雅宋

第97章


    江耘哈哈大笑,笑声之中,自己当初在河边枯坐半月的情景又浮现了眼前,仿佛之间,恍若梦境,自己不知从何时开始已经全身心的融入其中了。如果现在有机会能让他穿越云层,飞翔而去,自己会回去吗?仿佛有一个声音在耳边想起,你决定了吗?
    握着师师的手徒然加重,江耘低着头,在心中默默地说道:“你就是我的答案!”
    老仆江福比江家主母还着急,正掰着指头算日子,这少爷终归是少年心性,如此大事都不急着回家。离京的日子早已在书信里得知,算算日子,已经过了五六天了。
    陪在他身边的人还要急,江耘的贴身丫鬟云桃更是望穿秋水。自己只不过回家三个月,少爷便出了事,醒来之后大病了一场。待她回来之后,却又去了京城赶考。
    “福叔,听说少奶奶是个大美人儿?”云桃小心翼翼地问道。
    “恩,是的,小桃,你放心吧,少奶奶是……也是穷人家的孩子,是个贤惠人,没什么架子的。”江福应道。

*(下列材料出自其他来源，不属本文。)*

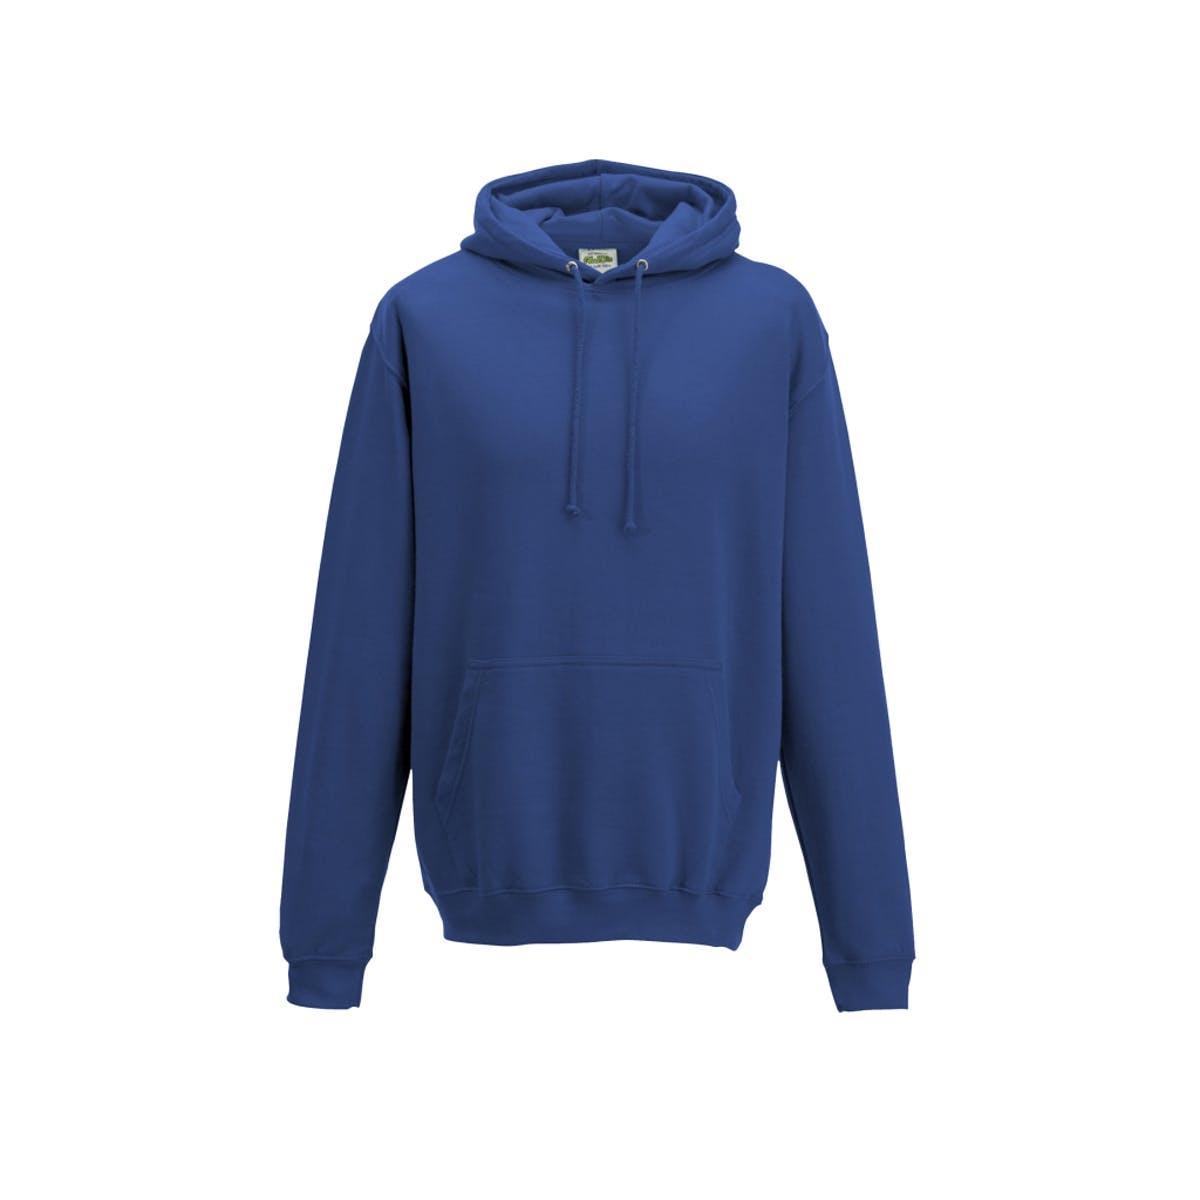 tropical blue college hoodies

    “只是不知道少爷还记不记得我。”云桃担忧道。
    “放心,你从小伺候少爷。少爷会有印象的。说来也怪,自那次大病之后,少爷性情好上不少,连我这个老头子也跟着沾光哩。”江福颇有感触道。
    二个闲谈之间,远远的一辆马车驶了过来,在江家大宅前停住。江福眼前一亮,说道:“小桃,你在这儿招呼着,我去唤老夫人。”
    江耘轻快地跳下车来,扶着李师师下了马车,便见到云桃朝自己飞奔过来。看着眼前兴奋得涨红了脸的女子,江耘努力回忆着离家之前的印象,眼前这张脸与府中所有的女性都对不上号。那么,她一定是我的贴身丫鬟云桃了。
    “云桃,越来越漂亮了啊。”江耘笑嘻嘻道。
    云桃被少爷的俏皮话说得不好意思起来,心中喜悦之极:“福叔没说错,看来少爷果然记得我,太好了。”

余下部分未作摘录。